Lesson three: If he has more than one gym selfie, he needs to add another hobby to his repertoire. Being in shape is great, and working out all that sexual frustration is fantastic, but I need to see more than that. As we are on the subject of mirror selfies, let’s also nix bathroom selfies. I do not need to see any more urinals on my Tinder feed, just saying.
Lesson four: If it says add me on Snapchat, RUN. If he has a bunch of ladies adding him on Snap, you are one of the many, not The One. If a date turns into something more, you will always wonder who is sending him snaps, who is on the side, who else did he reel in?

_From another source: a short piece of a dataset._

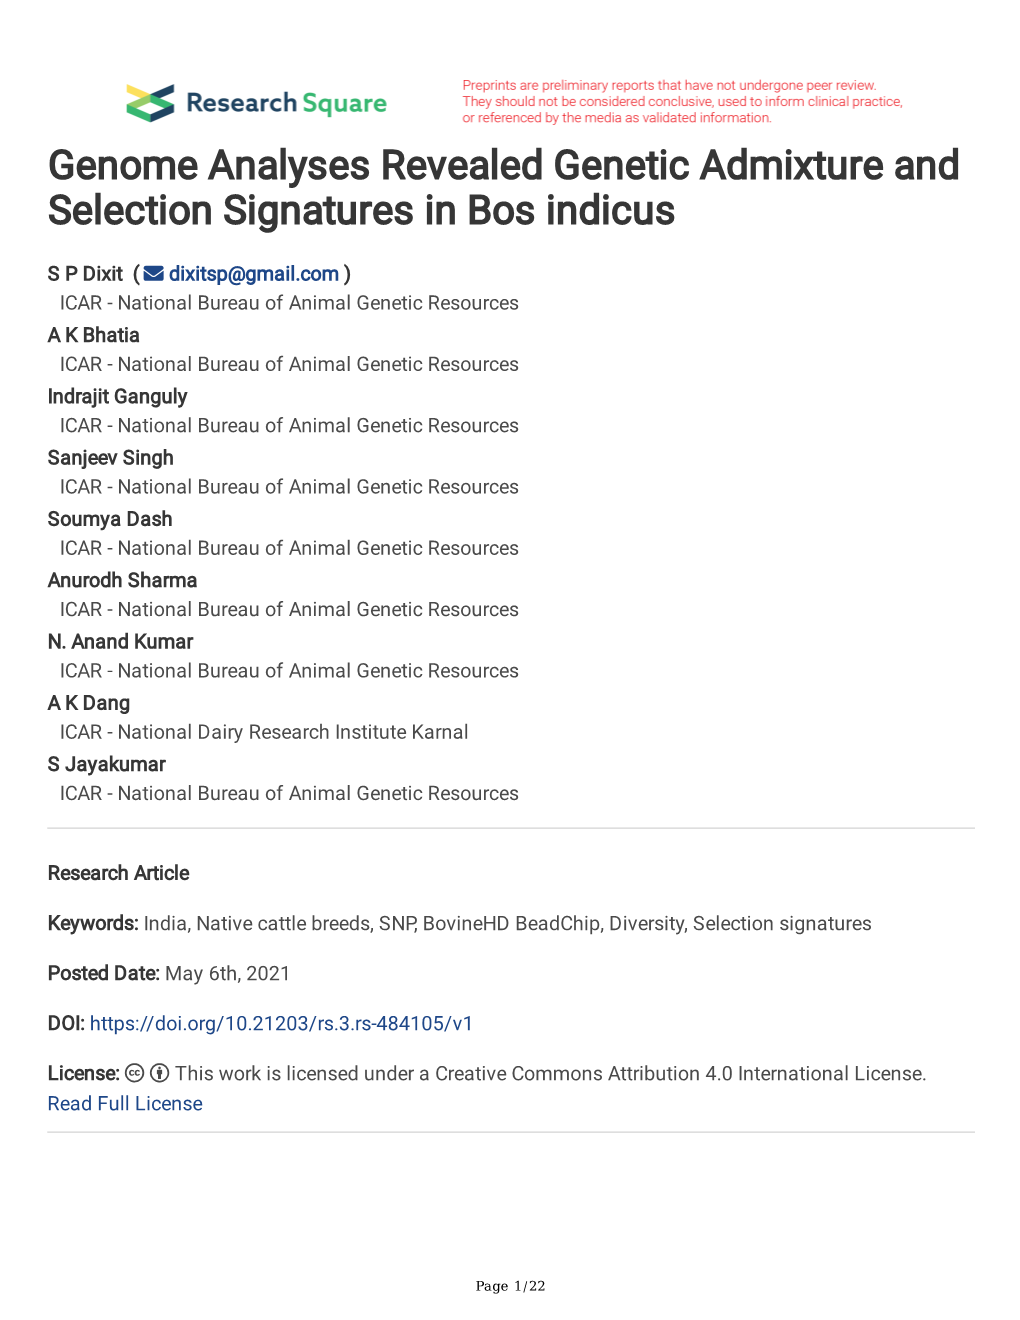 Genome Analyses Revealed Genetic Admixture and Selection Signatures in Bos Indicus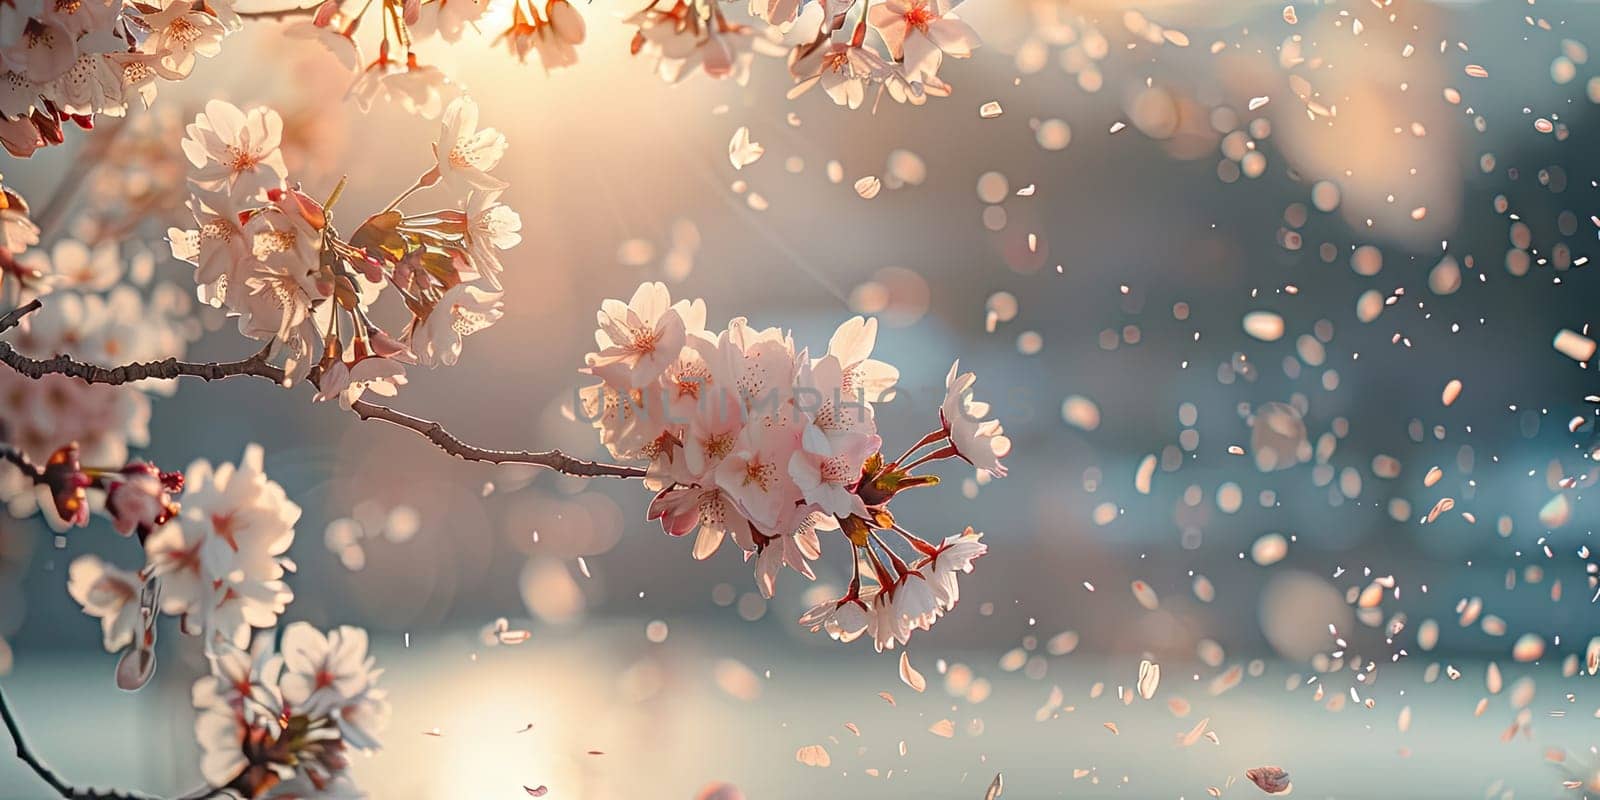 Cherry blossom branch in full bloom with petals in the air, warm sunlight backlighting delicate pink flowers against soft focus background. Floral sakura background. Ai generation. by Lunnica

And if there is a problem in the future, will he run to you or his Snaps?
Maybe this is why I’m still single, but exploring the Tinder culture has shown me new levels of standards I want, and need, to have. To be fair, there are probably a ton of awesome guys on Tinder, you just have to wade through the mass of dudes that are only separated (not divorced), the ones who are in “open relationships,” the ones “not looking for anything serious,” and—my personal favorite—“only here for the weekend,” to find them. Tinder is a tool, not the answer.
So be smart and go with your gut. Modern romance is app-based and lots of people actually do meet this way. Hopefully that means that the God of the universe might use Tinder to hook a sister up.